L’Algérie est-elle en train de rater le train des IDE mondiaux ?

Redaction

HaddoucheL’image peu attractive de l’Algérie en tant que terre d’accueil des investisseurs étrangers serait-elle  en train de changer ? Notre pays est-il sur le point de devenir  un véritable eldorado pour les IDE ? Les investisseurs étrangers sont-ils en train de se ruer à nos frontières ?

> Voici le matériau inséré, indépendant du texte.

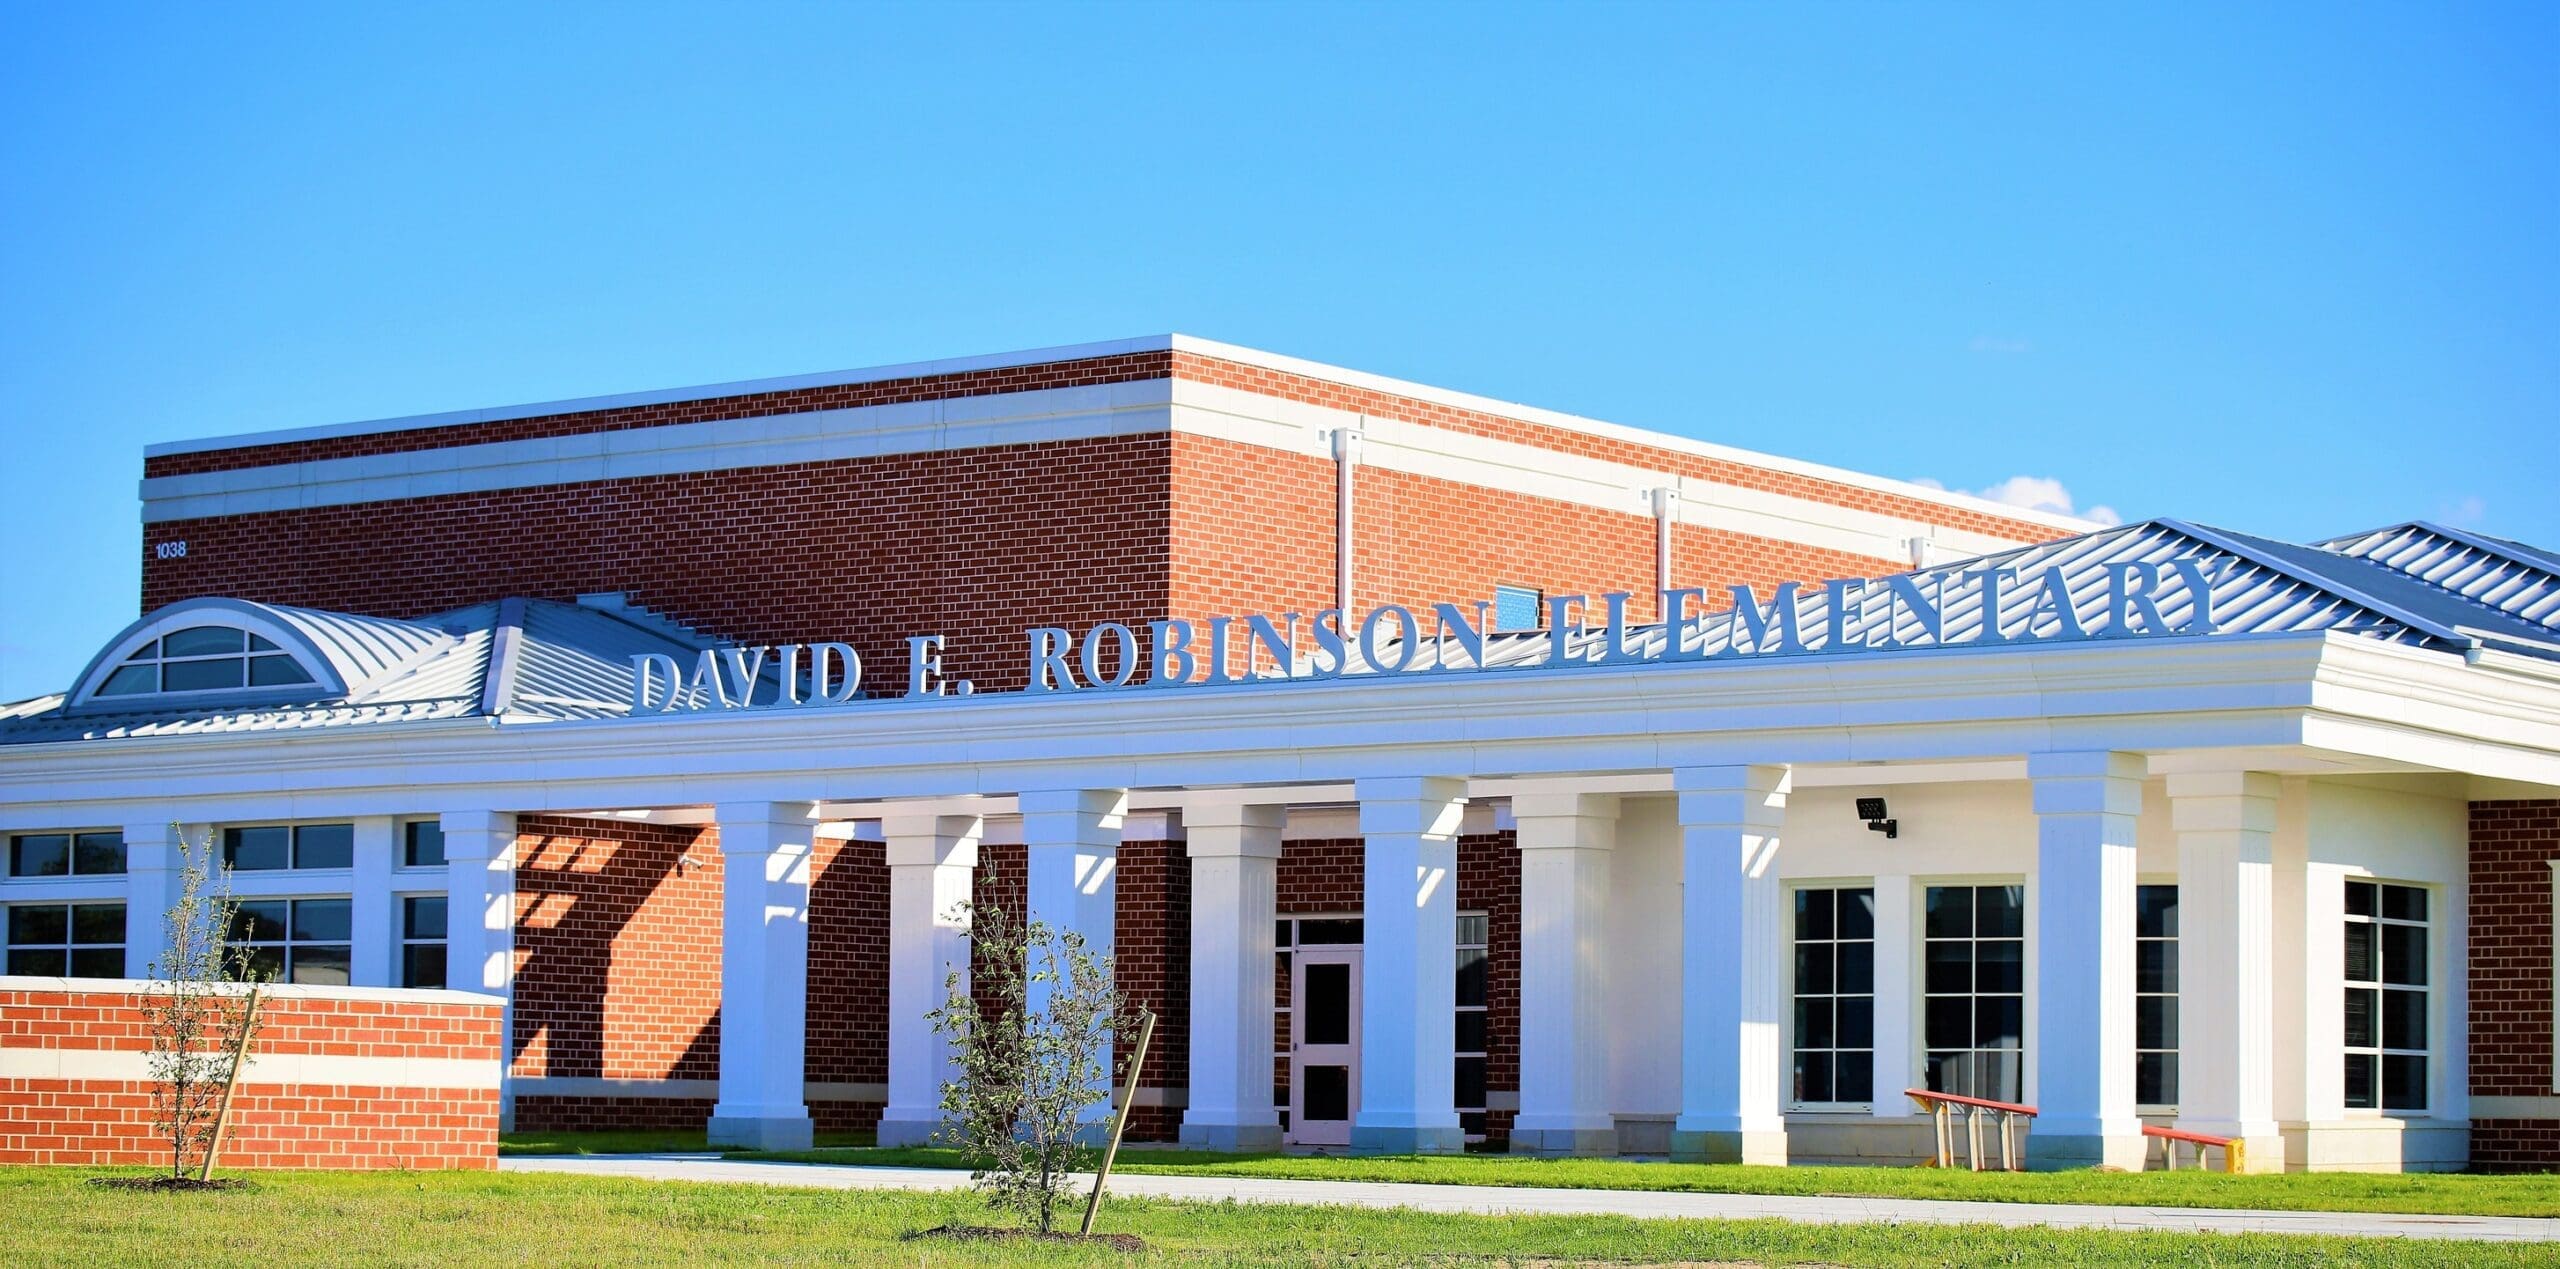 Caesar Rodney's David E. Robinson Elementary School, located in Magnolia. (Caesar Rodney Facebook)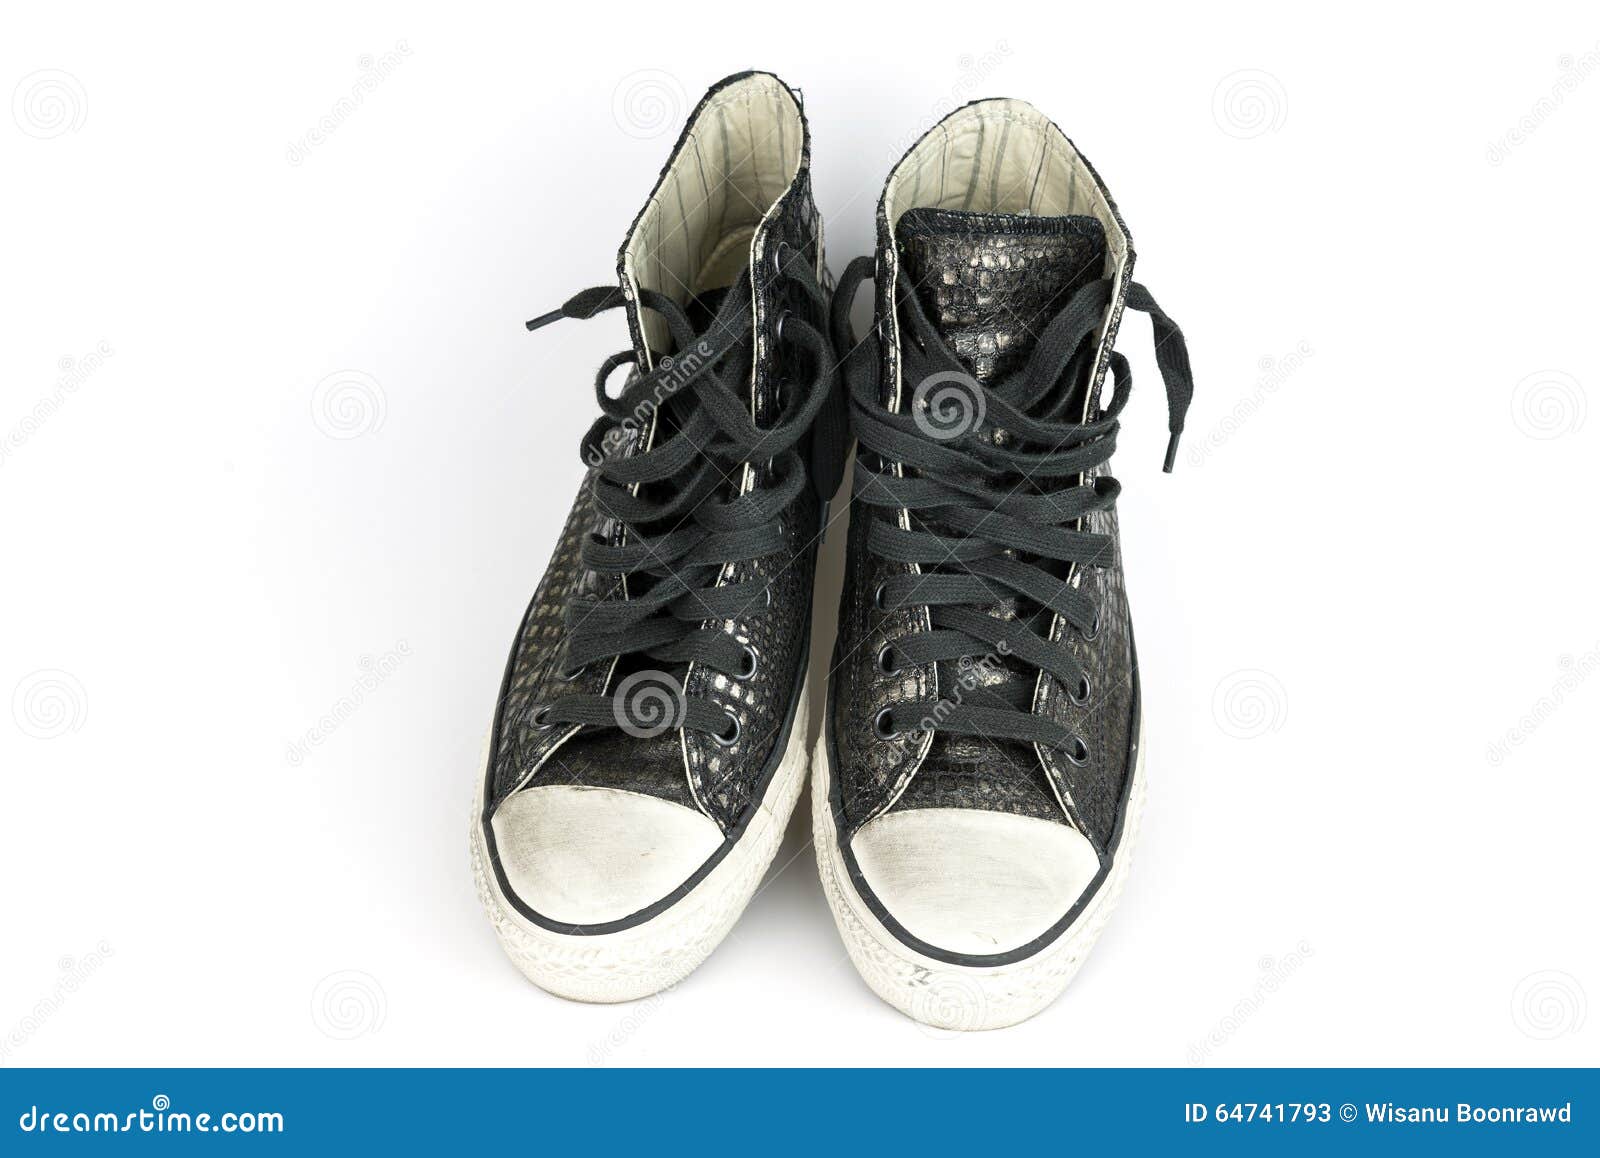 Black Vintage Shoes Crocodile Leather, Boots Stock Image - Image of ...

C’est en tout cas le tableau surréaliste dressé avec beaucoup de conviction et de constance au cours des dernières années  par le directeur général de l’Agence Nationale de Developpement de l’Investissement (Andi), Abdelkrim Mansouri, qui affirme, à chacune de ses interventions publiques, que l’organisme qu’il dirige enregistre “un flux sans précédent” de projets d’investissement étrangers. Pour ce haut fonctionnaire, qui occupe, depuis de nombreuses années,  à la tête de l’Andi un poste d’observation privilégié, “les investissements directs étrangers (IDE) en Algérie avaient déjà atteint, rien que pour l’année 2011, un montant record, voire historique, de 435 milliards DA (près de 6 milliards de dollars), ce qui prouve selon lui « l’attractivité du pays qui offre dans ce domaine de mieux en mieux les conditions favorables pour s’y établir et exercer une activité ». Au titre cette fois de l’année 2013, il annonçait encore récemment, sans craindre d’être taxé d’éxagération, des «  investissements en hausse de près de 500% ».  “Nous ne sommes pas boudés”, a-t-il soutenu, en réponse à une question sur le flux des IDE en Algérie ajoutant que c’est plutôt l’inverse qui se produit. “Au contraire, nous assistons à un retour significatif des investissements étrangers”, s’est-il exclamé avec optimisme. Ce niveau d’investissement n’a “jamais été enregistré auparavant”, a expliqué M. Mansouri lors de son passage dans une émission de la Radio nationale. Pour lui, ce « seuil record d’IDE » confirme l’“efficacité” des mesures prises par les pouvoirs publics dans le domaine de l’investissement, qu’il soit étranger ou national. En réponse à une question sur la règle très controversée du 51/49 régissant les IDE, M. Mansouri affirme également  qu’“elle a été comprise par les partenaires étrangers de l’Algérie, mis à part quelques PME étrangères”.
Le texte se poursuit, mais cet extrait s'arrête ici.